* _What you need to do_: When the line with "Gilded Brass Sconces" turns up below, begin repeating exactly, and carry on through the line with "BBT-6803 - King Size Bed - 43777"; no pictures go into the copy.

* _Available data_:

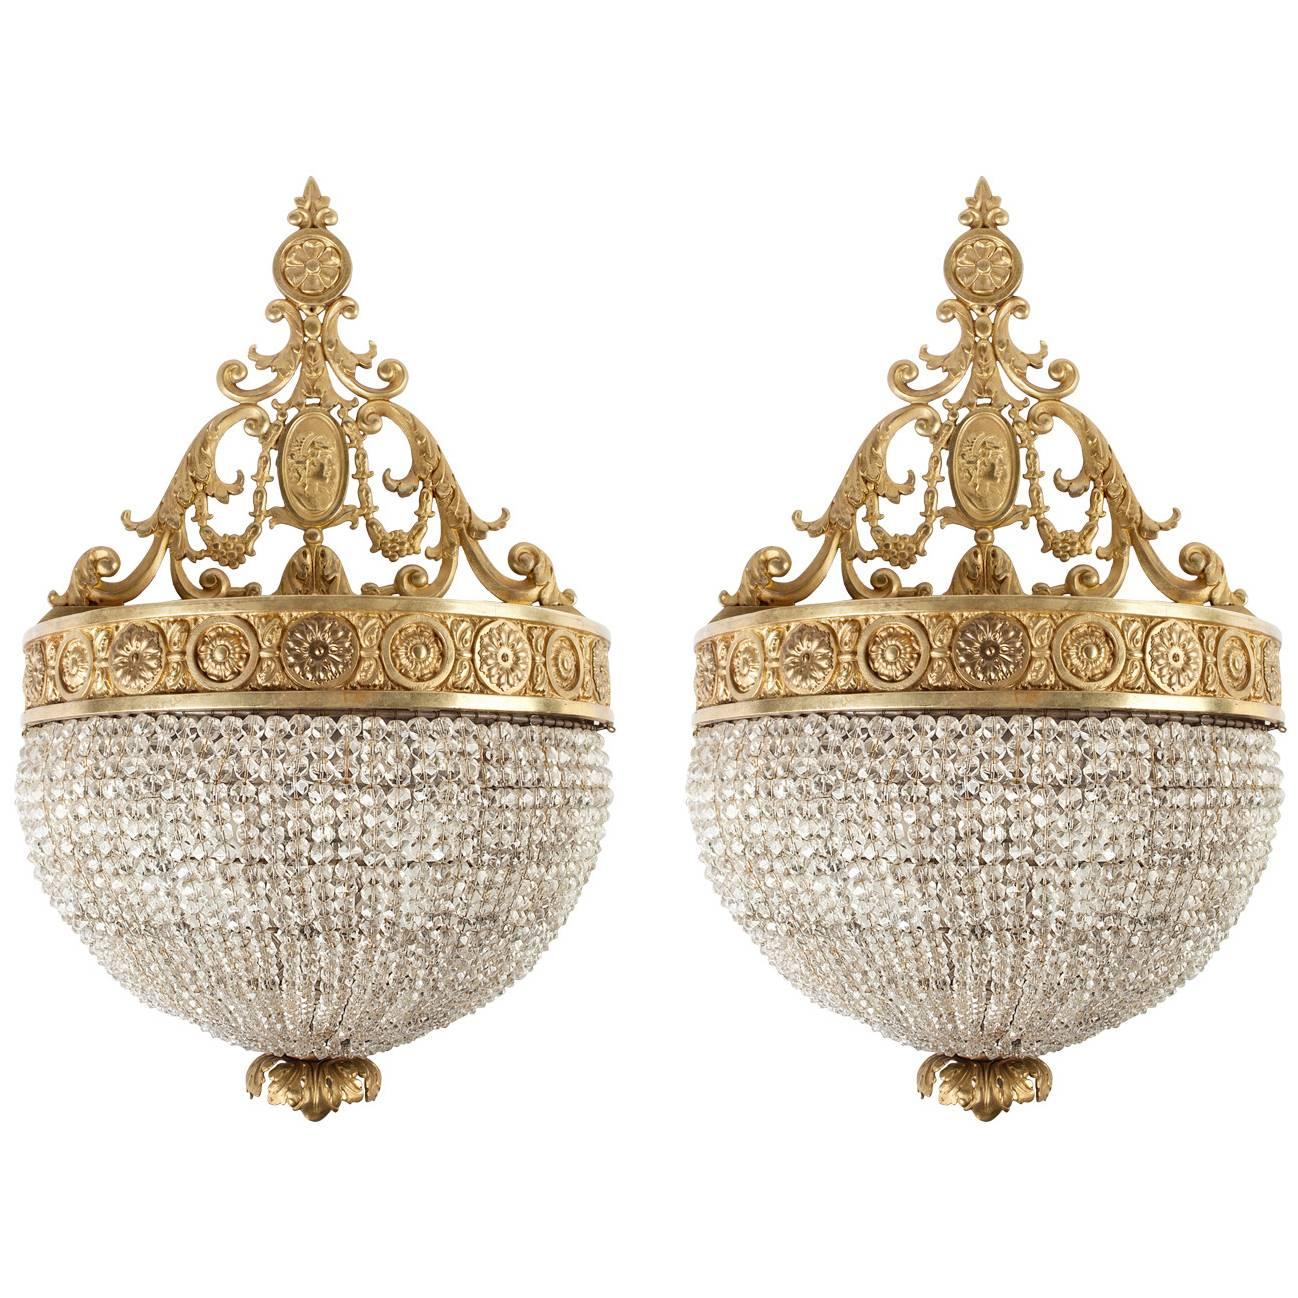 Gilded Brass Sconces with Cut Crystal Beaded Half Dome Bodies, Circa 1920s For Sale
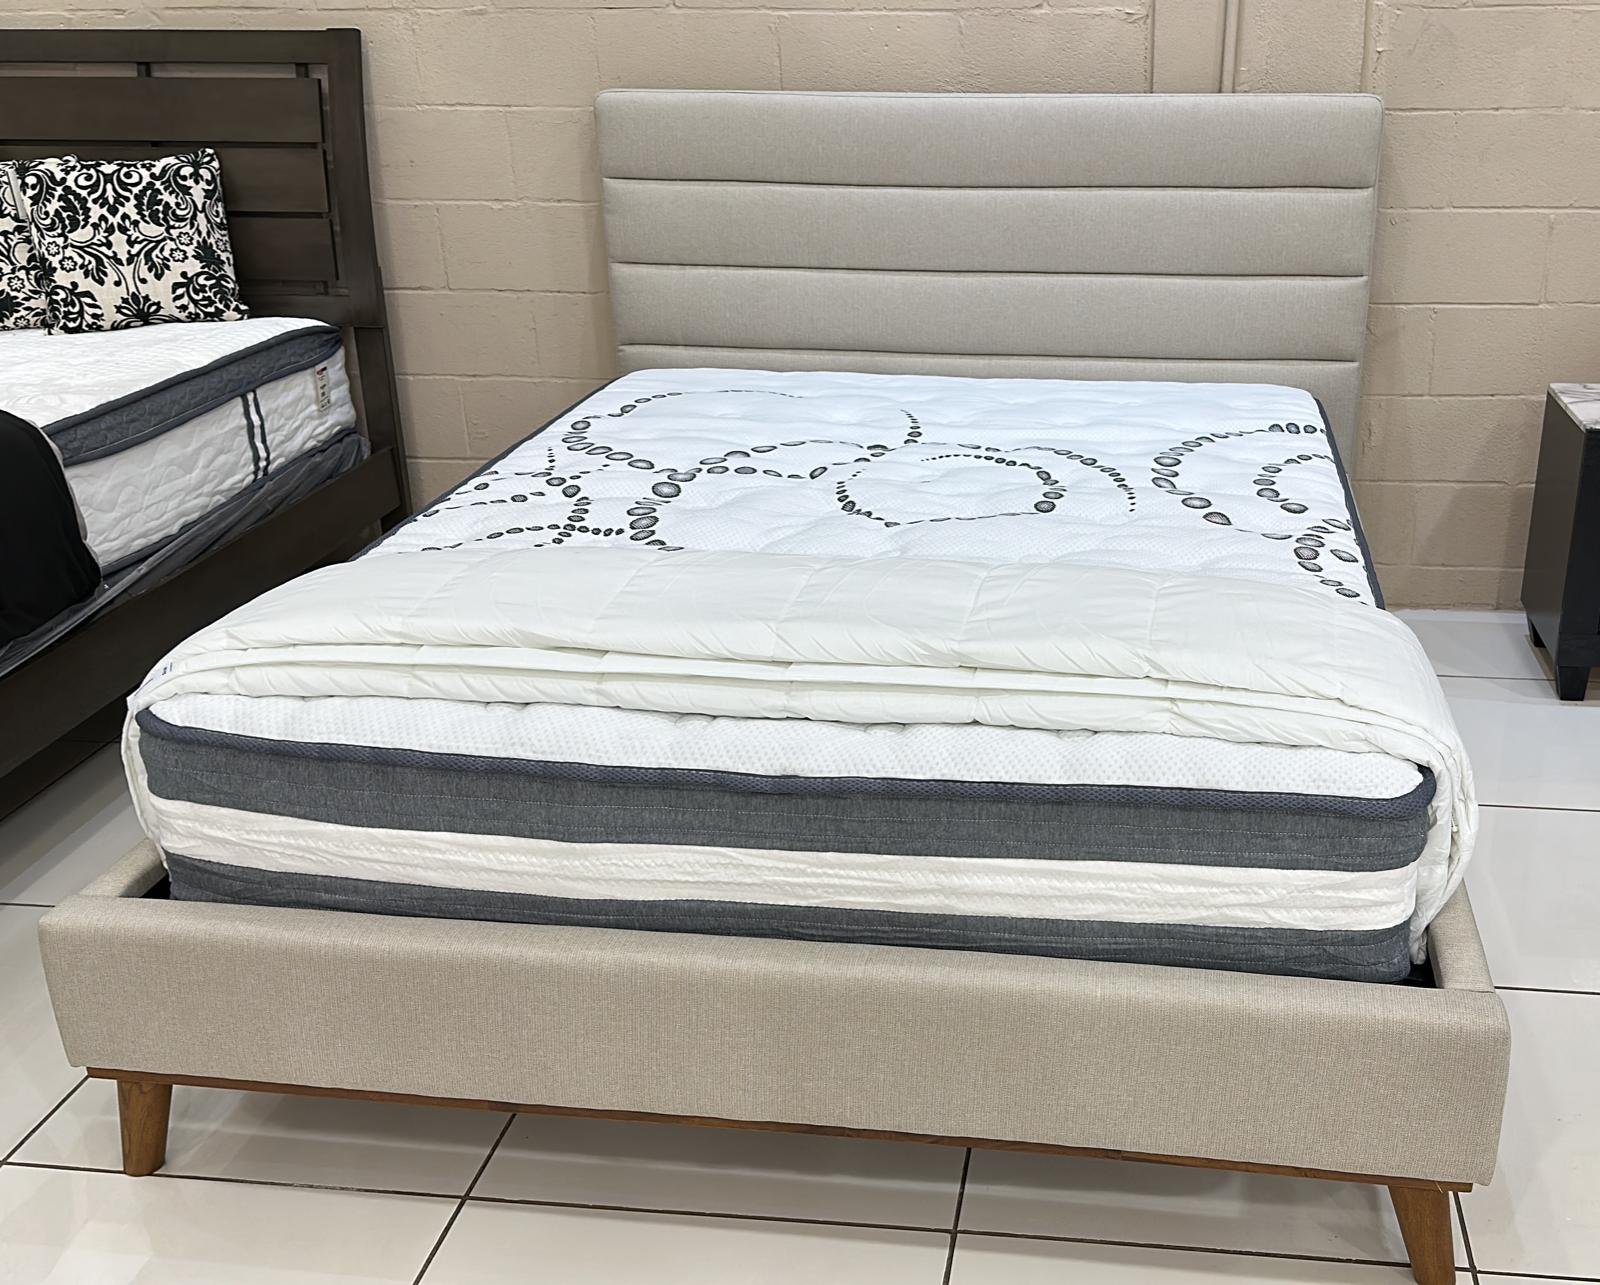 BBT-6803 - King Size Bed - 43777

...

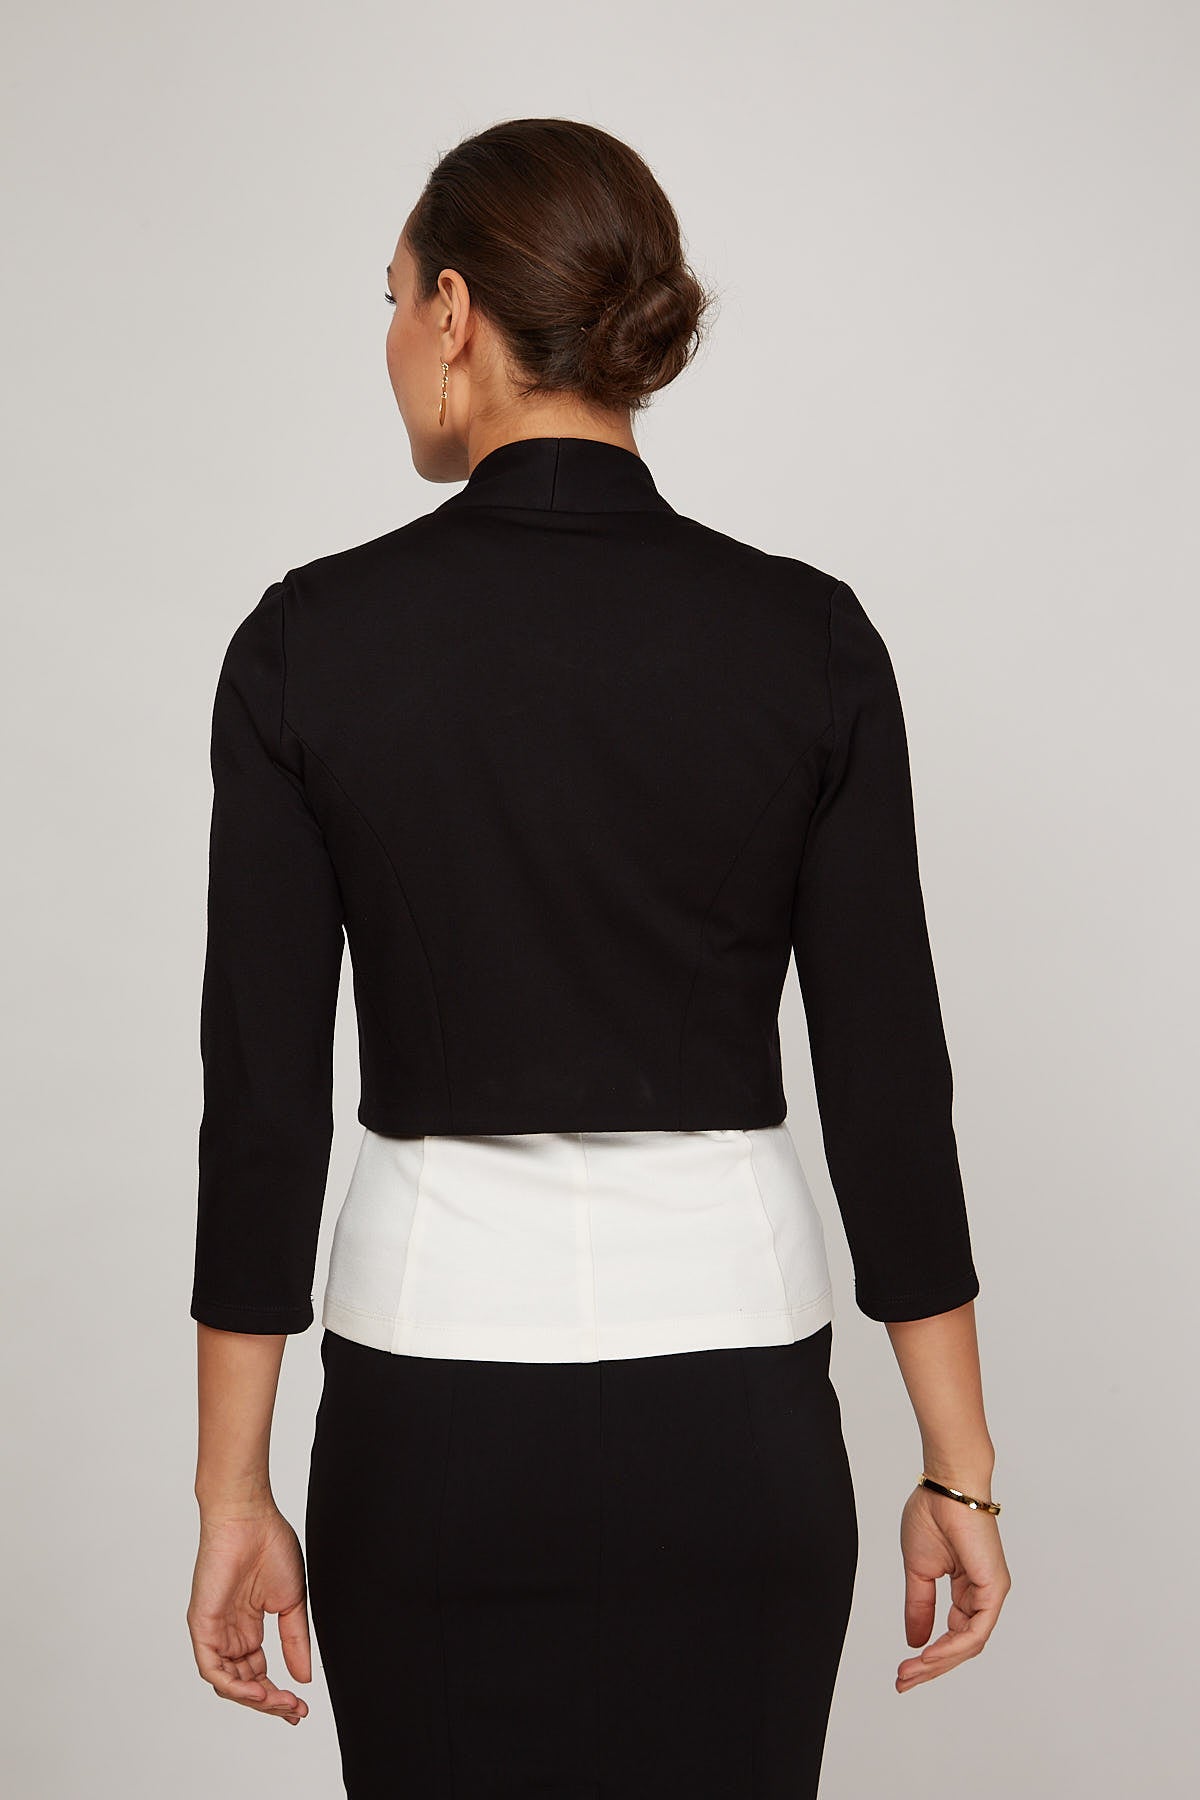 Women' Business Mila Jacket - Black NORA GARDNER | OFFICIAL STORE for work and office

* _Solution for this task_:
 Gilded Brass Sconces with Cut Crystal Beaded Half Dome Bodies, Circa 1920s For Sale
 BBT-6803 - King Size Bed - 43777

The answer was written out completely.